> [COLLECTED DATA]
────────────────────────────────────────
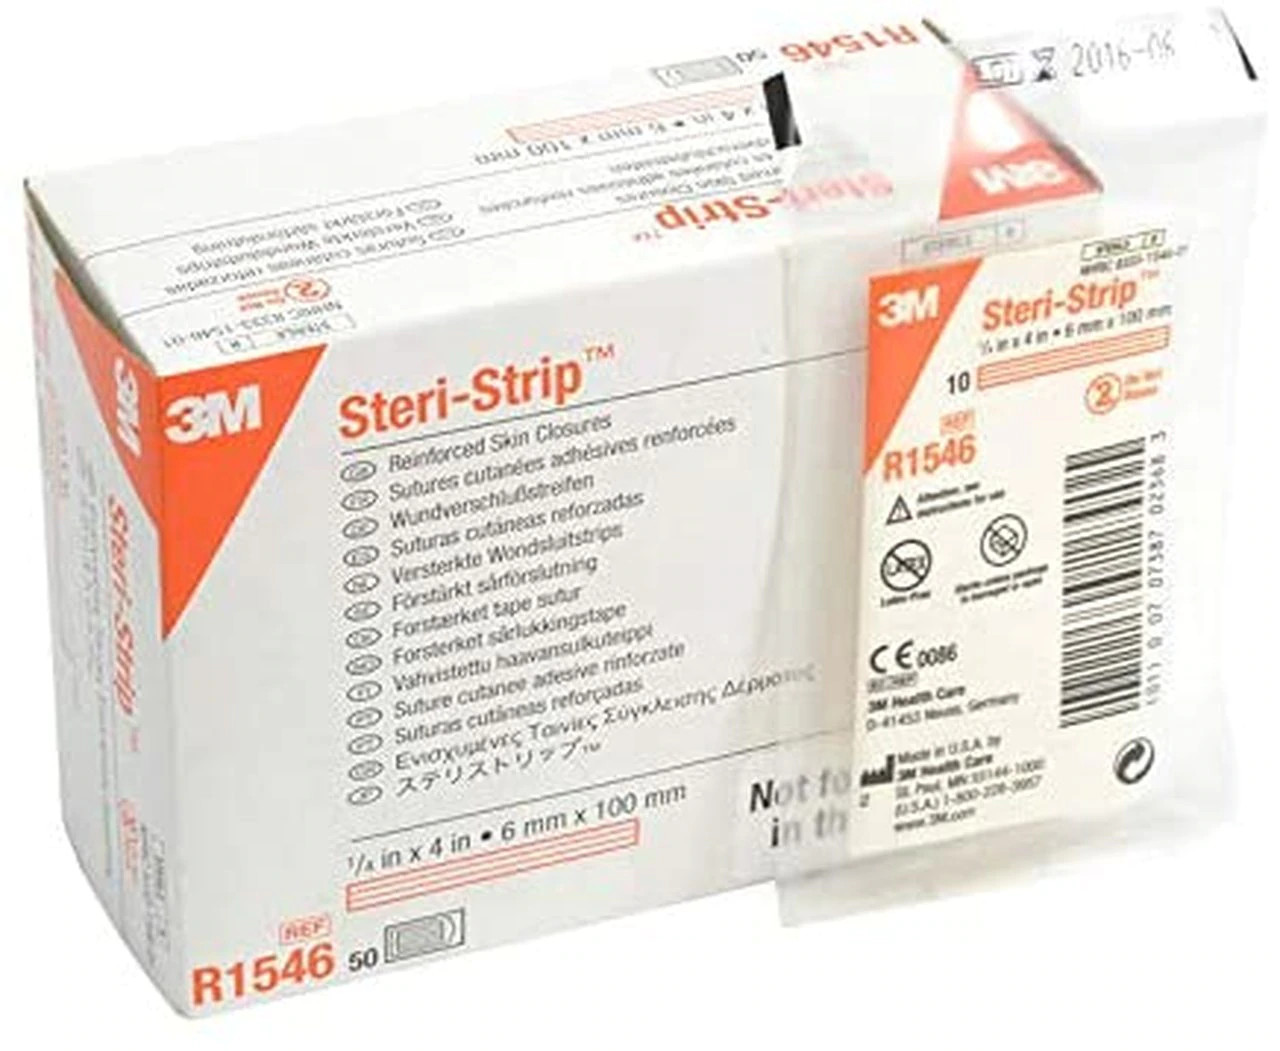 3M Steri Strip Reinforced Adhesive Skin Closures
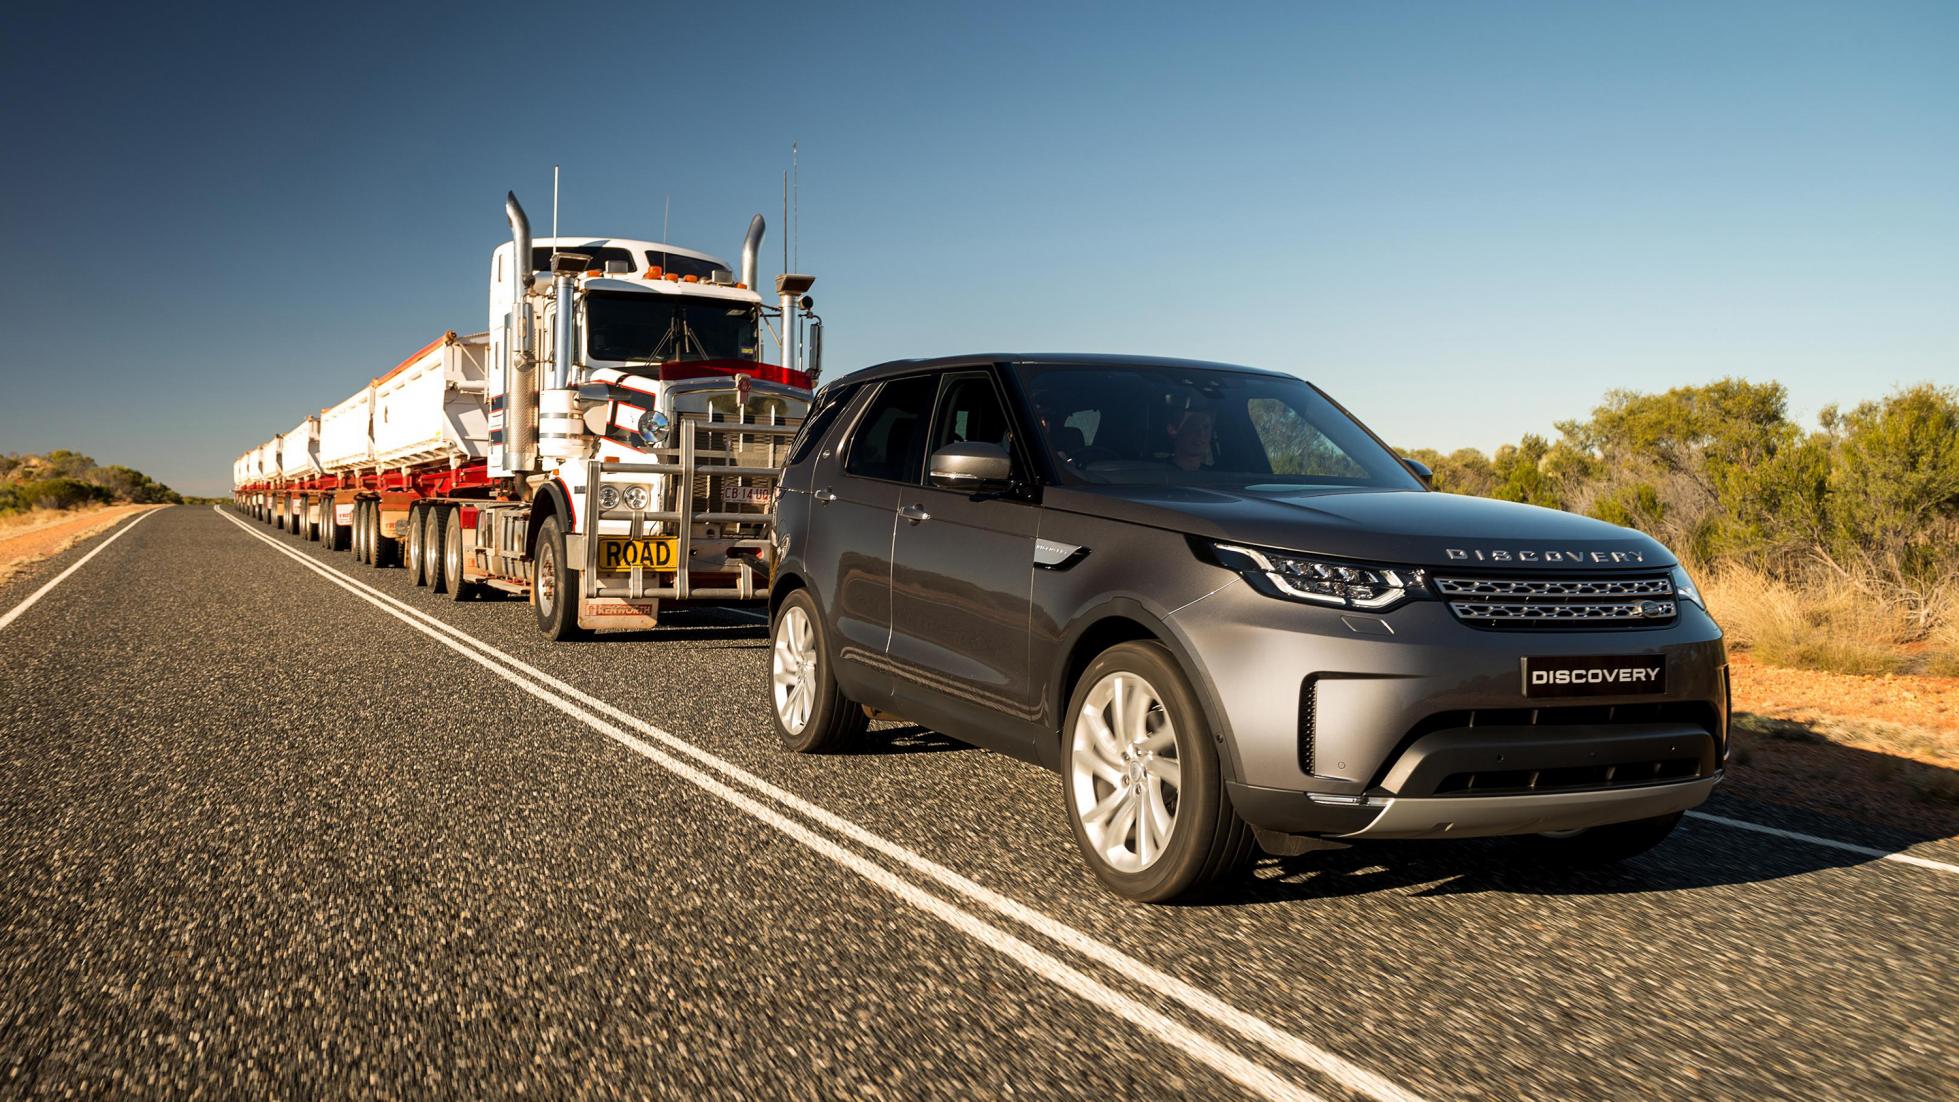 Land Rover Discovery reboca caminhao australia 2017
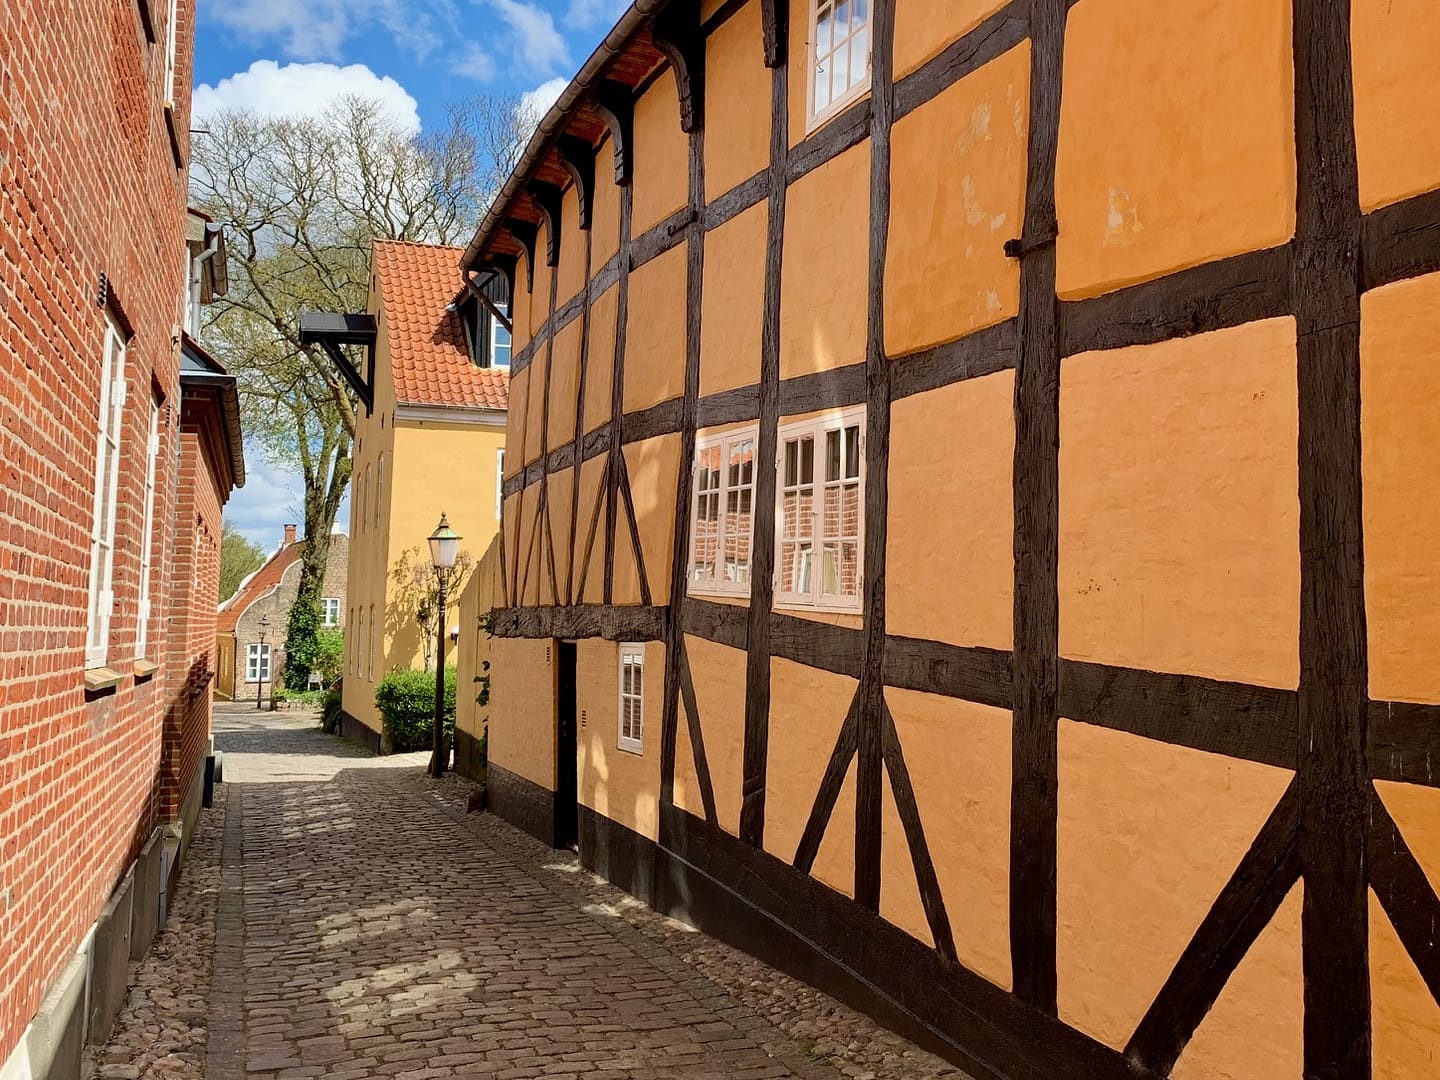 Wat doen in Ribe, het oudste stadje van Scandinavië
────────────────────────────────────────
> [WORK ITEM]
Repeat the material above word for word, please, apart from its images.

> [EXERCISE RESULT]
 3M Steri Strip Reinforced Adhesive Skin Closures
 Land Rover Discovery reboca caminhao australia 2017
 Wat doen in Ribe, het oudste stadje van Scandinavië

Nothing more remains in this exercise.